Frequency Response

The Frequency Response Analysis (PLECS Standalone only) computes the frequency response of a system at discrete analysis frequencies by sequentially applying sinusoidal perturbations. The analysis is executed by following these steps:

1. A transient simulation is used to drive the system into steady-state. The length of the simulation is determined by the Initialization time span parameter \(T_{init}\). This is used to define the operating point at which the frequency response will be calculated.
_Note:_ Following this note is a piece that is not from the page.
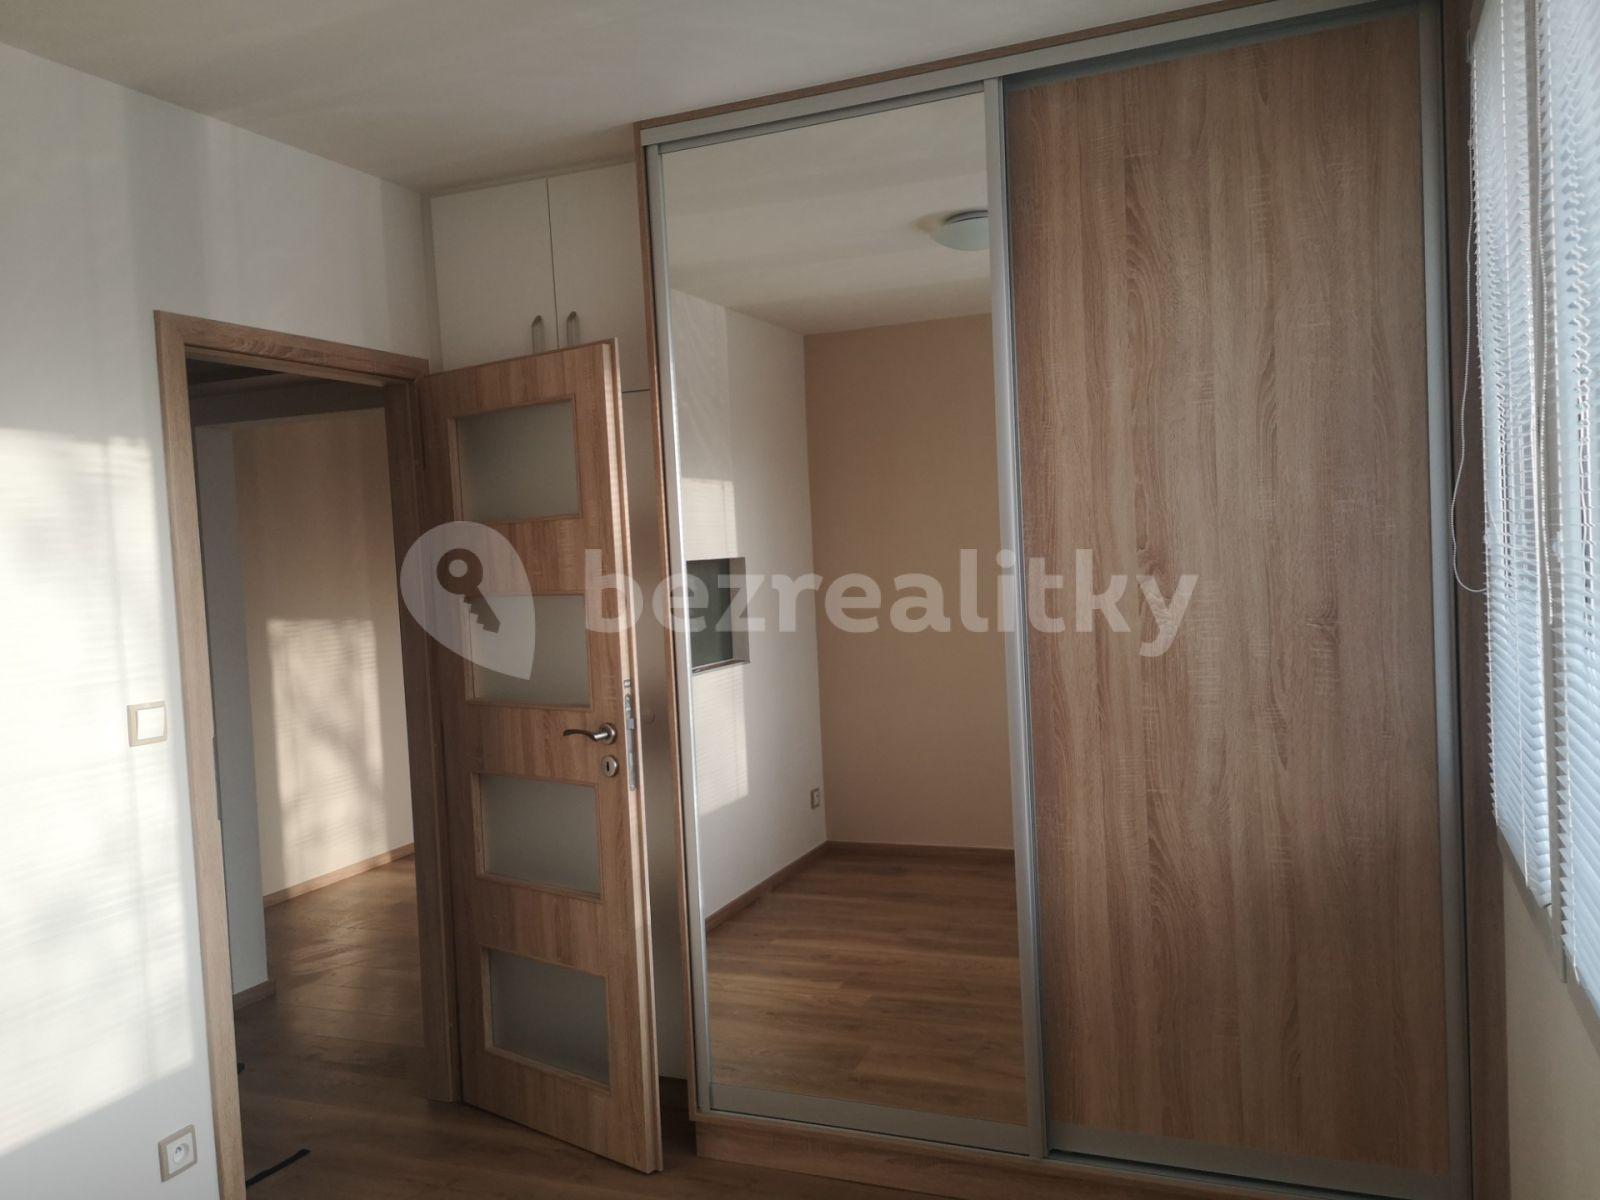 1 bedroom with open-plan kitchen flat to rent, 37 m², sídliště Vajgar, Jindřichův Hradec, Jihočeský Region

2. Transient simulations are executed in parallel for every discrete frequency \(f_k\). All simulations start from the steady-state point reached in the previous step. The length of the perturbed simulations is defined as \(T_s + T_c\), where \(T_s\) is the Settling time span parameter, and \(T_c = N * 1/f_k\) is the number of Extraction cycles parameter times the period of the sinusoidal perturbation. An additional transient simulation with no perturbation is also executed.

3. The Fourier analysis is computed for each discrete perturbation frequency \(\omega_k = 2\pi f_k\), of \(T_c\) period in the perturbation and response signals of both the perturbed and unperturbed simulations. Being \(U(\omega_k)\) and \(U_0(\omega_k)\) the Fourier transforms of the perturbation signal in the perturbed and unperturbed simulations, and \(Y(\omega_k)\) and \(Y_0(\omega_k)\) the Fourier transforms of the response signals in the perturbed and unperturbed simulations, respectively.

4. The frequency response of the system is obtained as \(G(\omega_k) = (Y(\omega_k)-Y_0(\omega_k))/(U(\omega_k)-U_0(\omega_k))\).